-- Opening Marker --

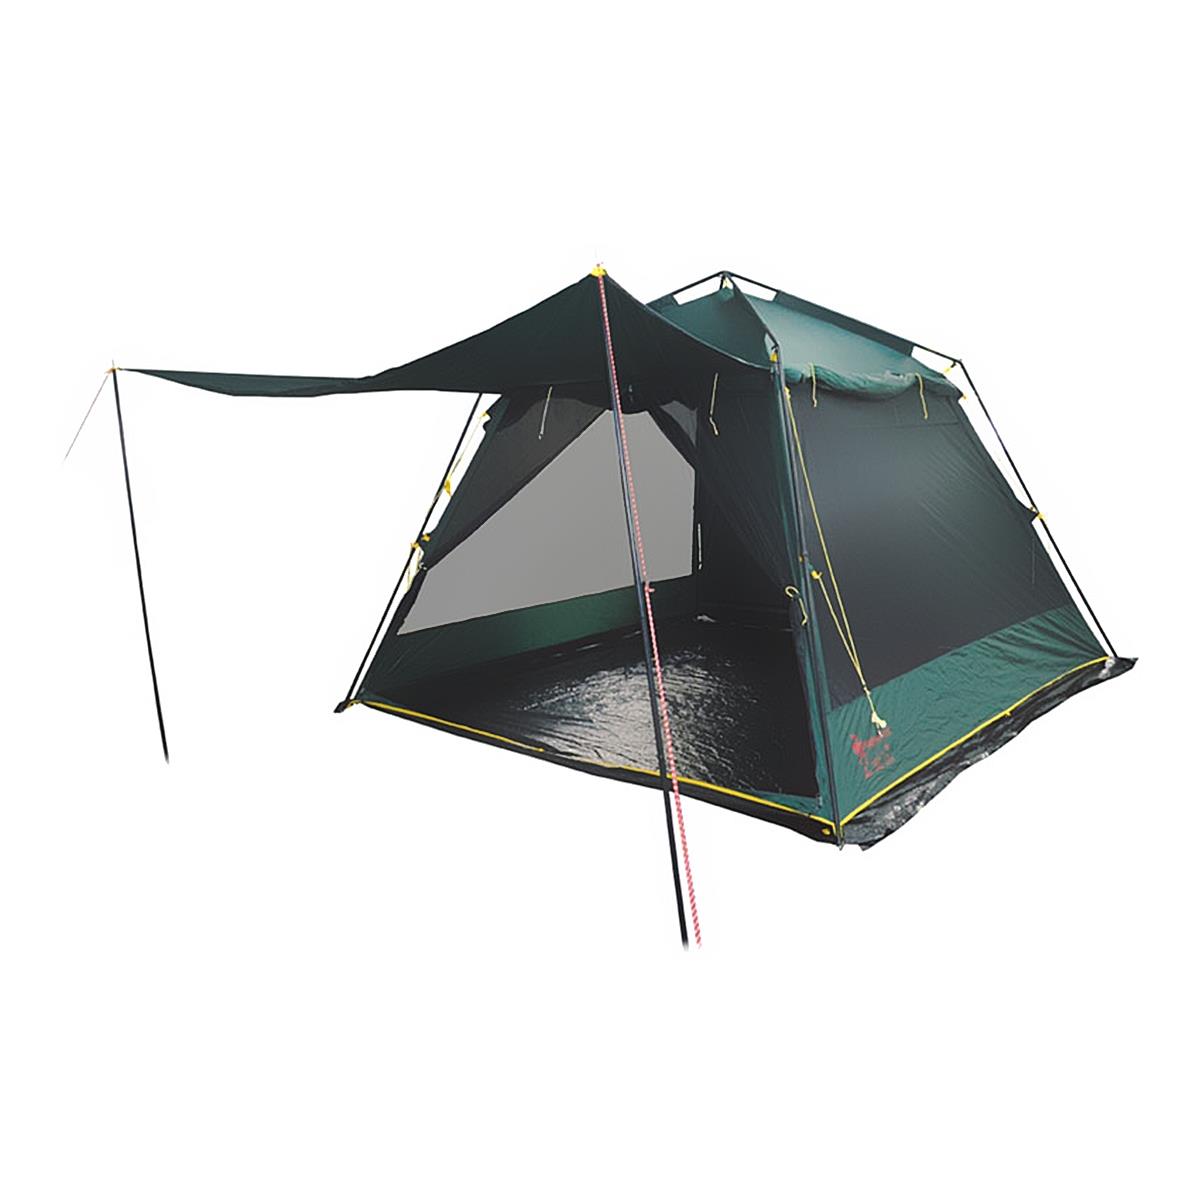 Тент-палатка BUNGALOW LUX GREEN V2 TRT-85 Tramp triol вольер тент для собак xl
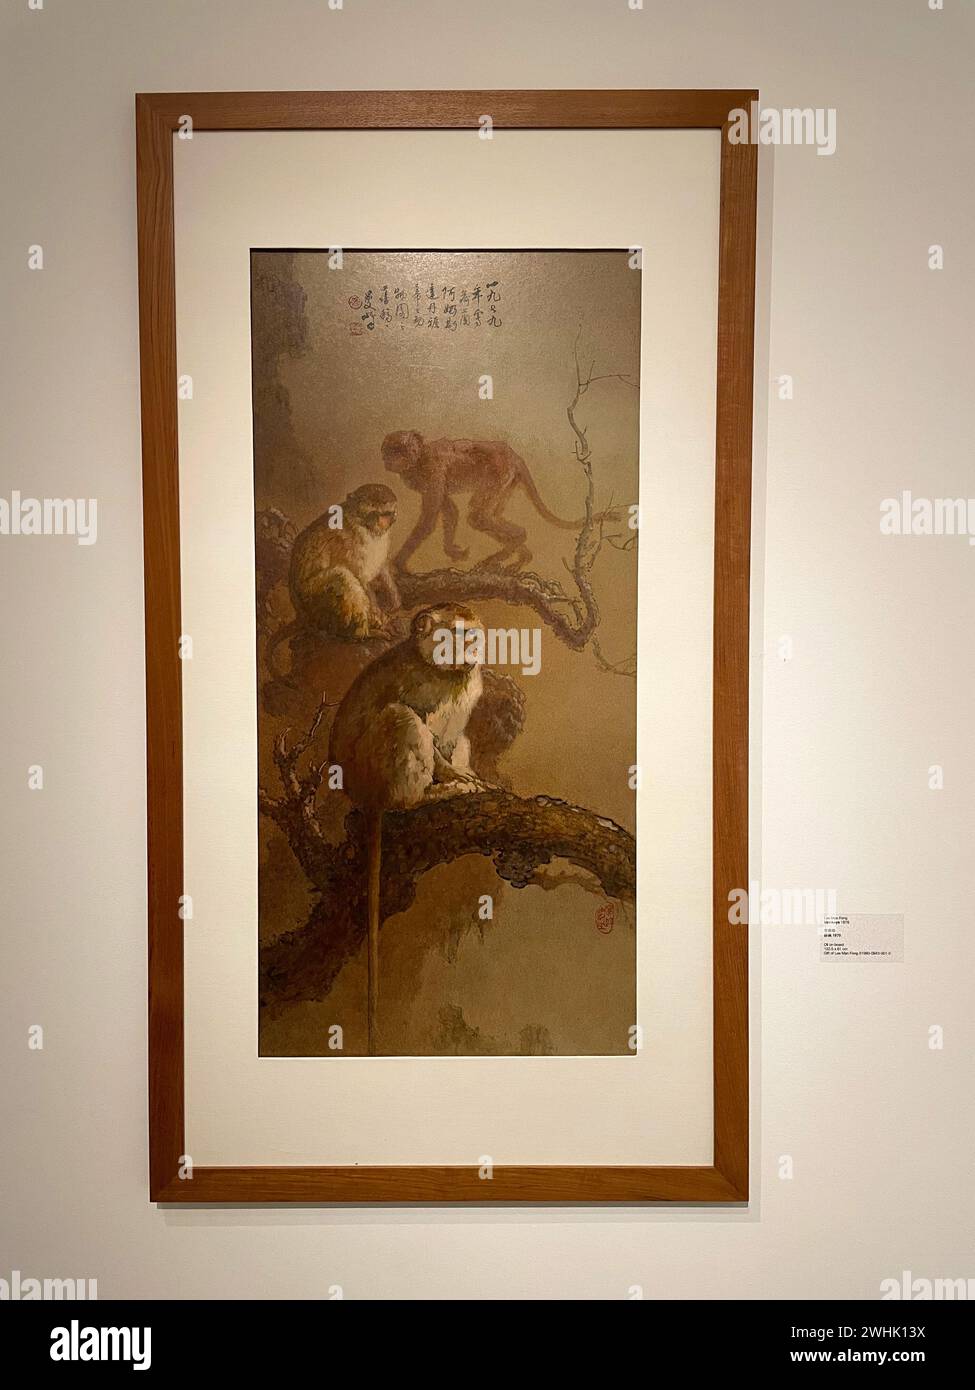 Singapour. La collection de l'Asie du Sud et du Sud-est au Musée nus de Singapour. Peintures asiatiques traditionnelles et modernes. Banque D'Images
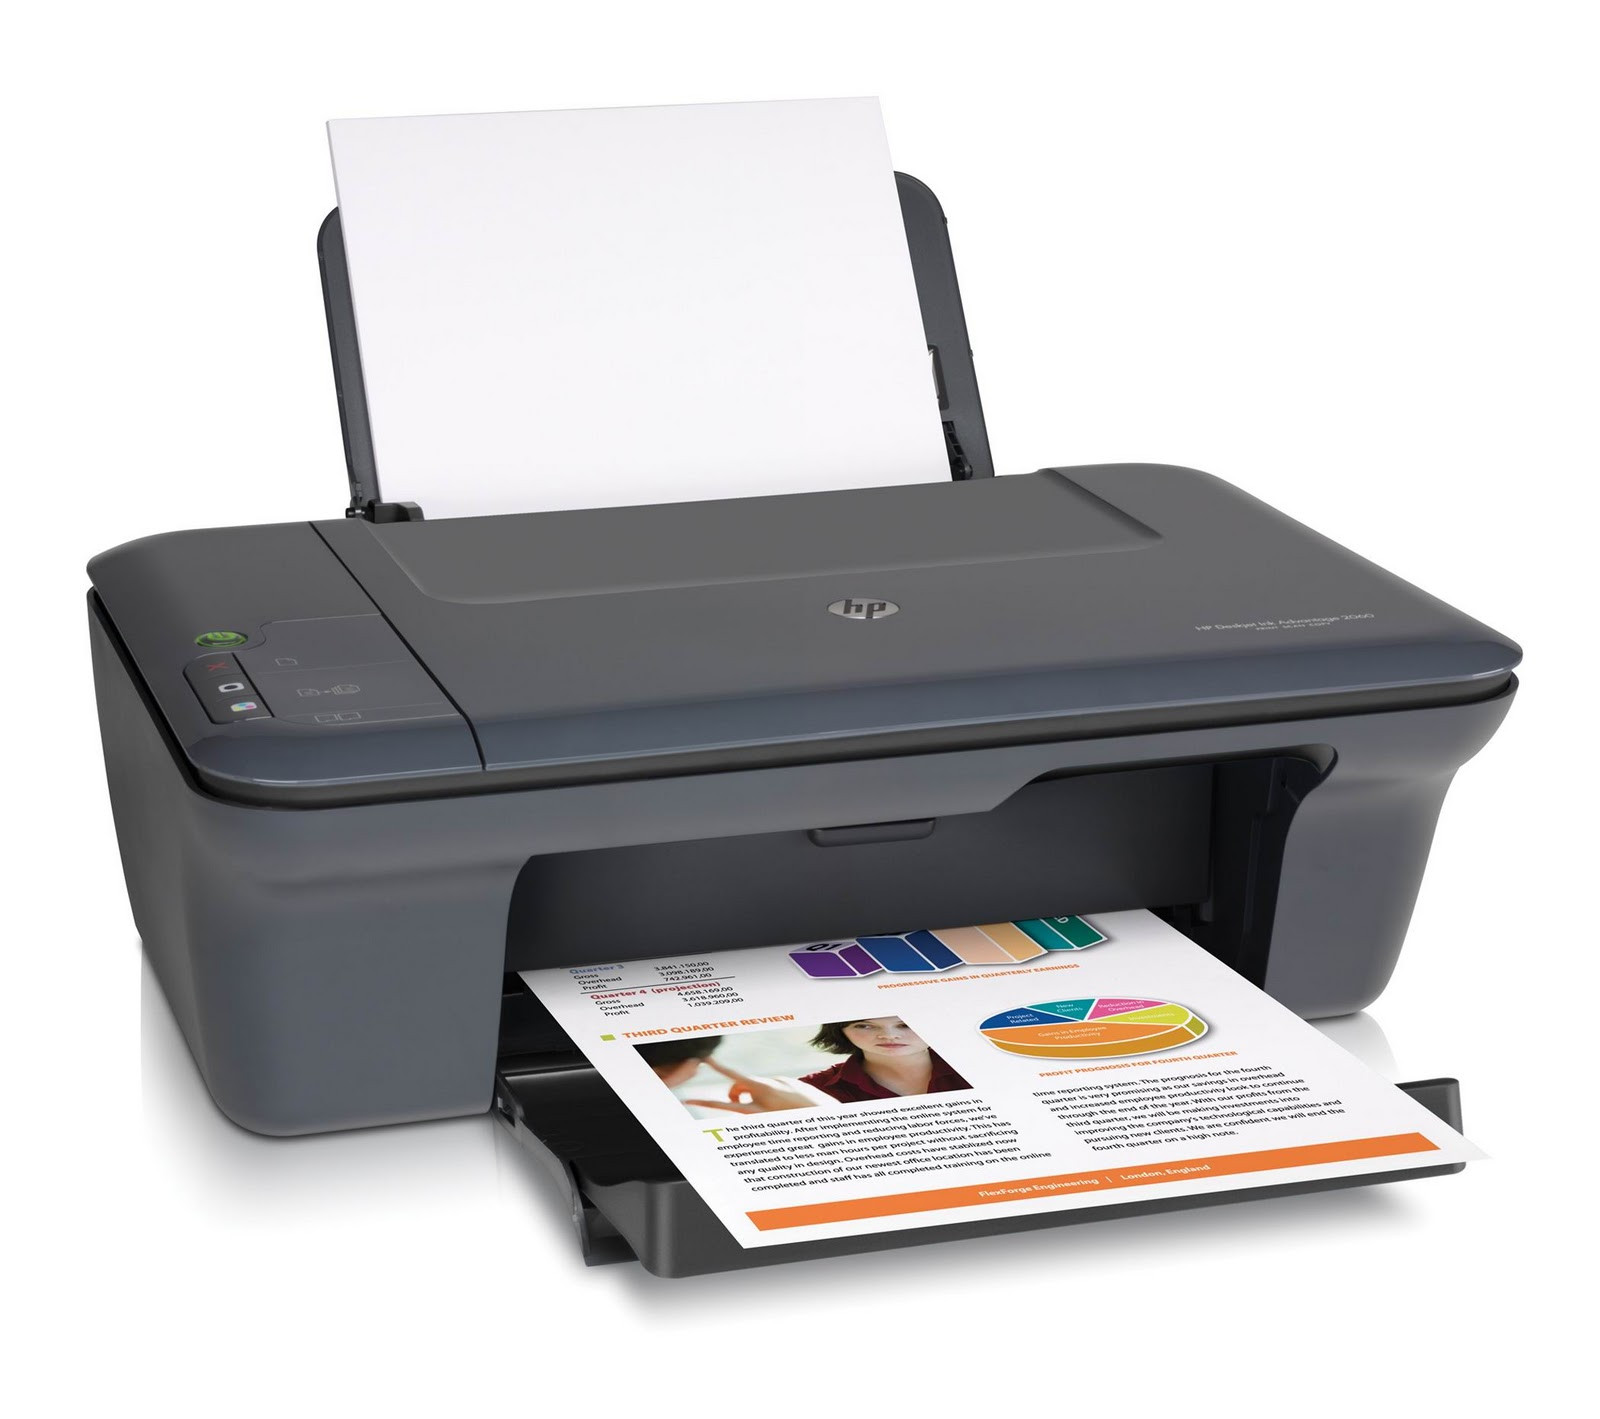 Printer HP Deskjet 2060

-- Closing Marker --

Begin at the line containing "Singapour. La collection" and copy every line through the end of the data above exactly, omitting the pictures.

 Singapour. La collection de l'Asie du Sud et du Sud-est au Musée nus de Singapour. Peintures asiatiques traditionnelles et modernes. Banque D'Images
 Printer HP Deskjet 2060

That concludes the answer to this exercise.